Veteran space executive Rob Meyerson leaves Jeff Bezos’ Blue Origin venture

Blue Origin’s Rob Meyerson speaks at the 2016 International Symposium for Personal and Commercial Spaceflight in New Mexico. (ISPCS via YouTube)

Rob Meyerson, who was the president of Amazon billionaire Jeff Bezos’ Blue Origin space venture until this year, says he’s left the company.

Since January, Meyerson has served as senior vice president, in charge of advanced development programs such as the Blue Moon lunar lander system and the New Armstrong interplanetary-class rocket. In an email, he told GeekWire that Friday was his last day at the company, which grew from 10 employees to more than 1,500 during his tenure.

Meyerson said he was “taking some time off to determine my next steps.”

The Michigan native came to Kent, Wash.-based Blue Origin in 2003 from Kirkland, Wash.-based Kistler Aerospace, where he was a senior program manager, according to his LinkedIn website. Before Kistler, Meyerson was an aerospace engineer at NASA’s Johnson Space Center in Texas for 12 years, working on the space shuttle and space station programs as well as the X-38 crew rescue vehicle program.

As president at Blue Origin, Meyerson had a public profile second only to Bezos’. During a Senate subcommittee hearing in April 2017, for example, he pleaded the company’s case for streamlined space regulations. But in September 2017, aerospace executive Bob Smith took the spotlight as Blue Origin’s first official CEO, and Meyerson switched roles just a few months later.

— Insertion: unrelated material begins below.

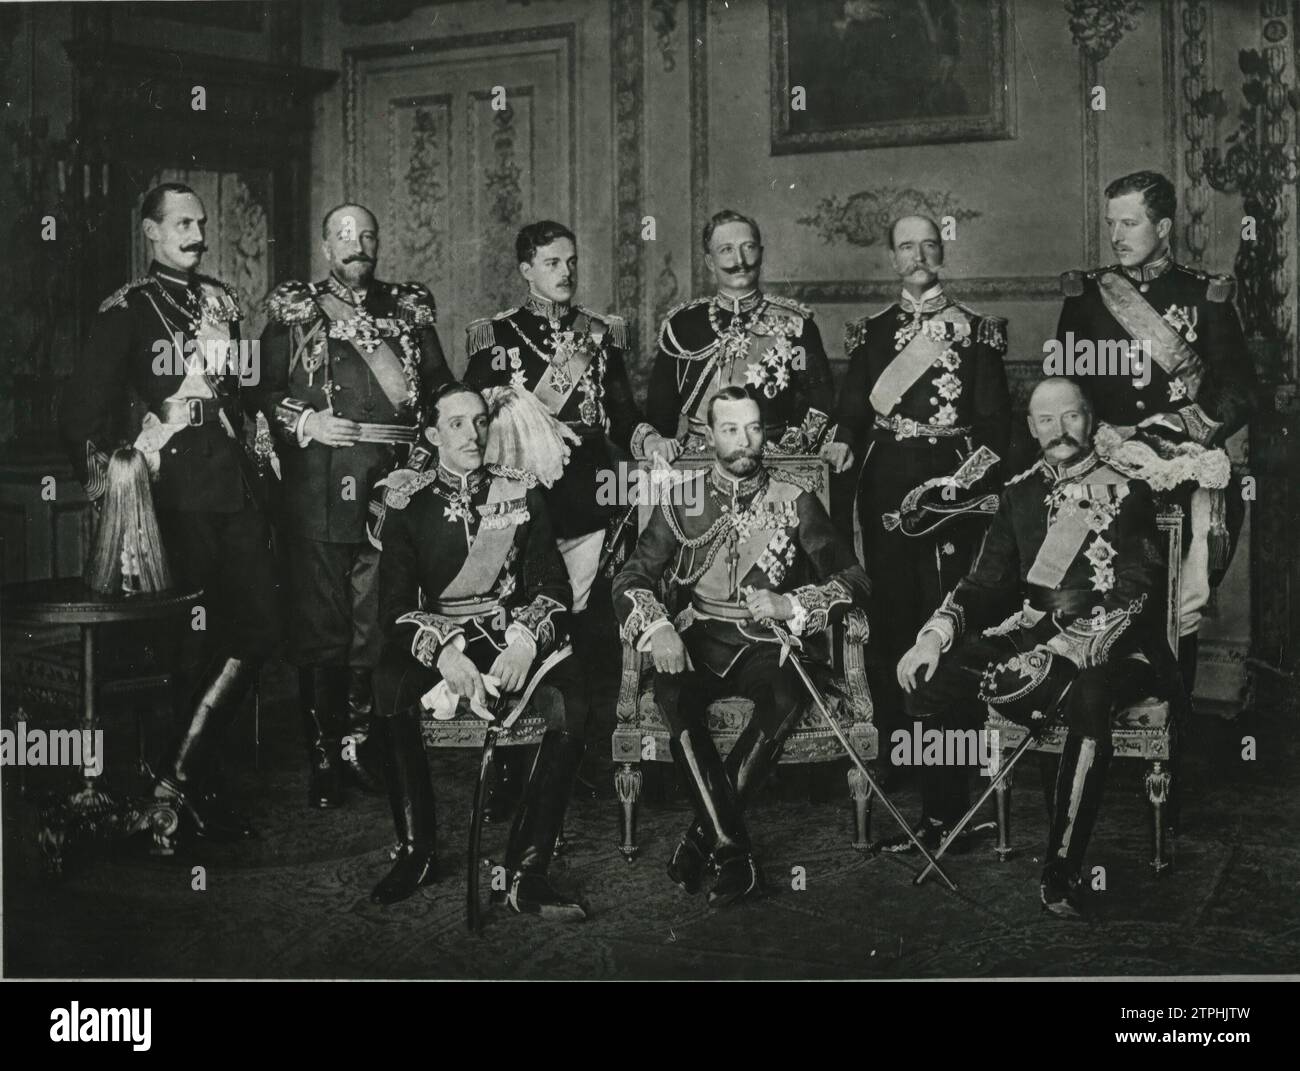 04/30/1910. At Buckingham Palace On the death of Edward VII. Seated, Alfonso Xiii, George V of England, and Frederick Viii of Denmark. Standing, Haakon VII of Norway, Ferdinand I of Bulgaria, Manuel Ii of Portugal, William Ii of Germany, George I of Greece and Albert I of Belgium. Credit: Album / Archivo ABC Stock Photo

Meyerson is leaving during a crucial time for Blue Origin: The company is gearing up for the first passenger flights on its New Shepard suborbital spaceship early next year, preparing for production of its New Glenn orbital-class rockets and BE-4 rocket engines (with Air Force backing), and putting its hand in for future Blue Moon deliveries as part of NASA’s lunar initiatives. Blue Origin is also among 13 teams due to deliver a report this year on commercializing low-Earth-orbit space operations.